* WHAT TO WORK ON *
Transcribe the data below exactly, but only from the line containing "高田馬場デュープレックスⅡの洗面室" through its final line, both included.

* DATA EXCERPT *
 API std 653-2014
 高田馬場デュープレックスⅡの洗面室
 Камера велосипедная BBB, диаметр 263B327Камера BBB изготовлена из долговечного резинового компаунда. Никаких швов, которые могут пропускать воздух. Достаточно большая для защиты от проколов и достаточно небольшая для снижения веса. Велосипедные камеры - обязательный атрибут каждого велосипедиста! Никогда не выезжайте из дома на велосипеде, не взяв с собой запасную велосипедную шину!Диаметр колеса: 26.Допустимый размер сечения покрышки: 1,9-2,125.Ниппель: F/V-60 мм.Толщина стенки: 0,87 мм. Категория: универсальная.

* EXERCISE ANSWER *
 高田馬場デュープレックスⅡの洗面室
 Камера велосипедная BBB, диаметр 263B327Камера BBB изготовлена из долговечного резинового компаунда. Никаких швов, которые могут пропускать воздух. Достаточно большая для защиты от проколов и достаточно небольшая для снижения веса. Велосипедные камеры - обязательный атрибут каждого велосипедиста! Никогда не выезжайте из дома на велосипеде, не взяв с собой запасную велосипедную шину!Диаметр колеса: 26.Допустимый размер сечения покрышки: 1,9-2,125.Ниппель: F/V-60 мм.Толщина стенки: 0,87 мм. Категория: универсальная.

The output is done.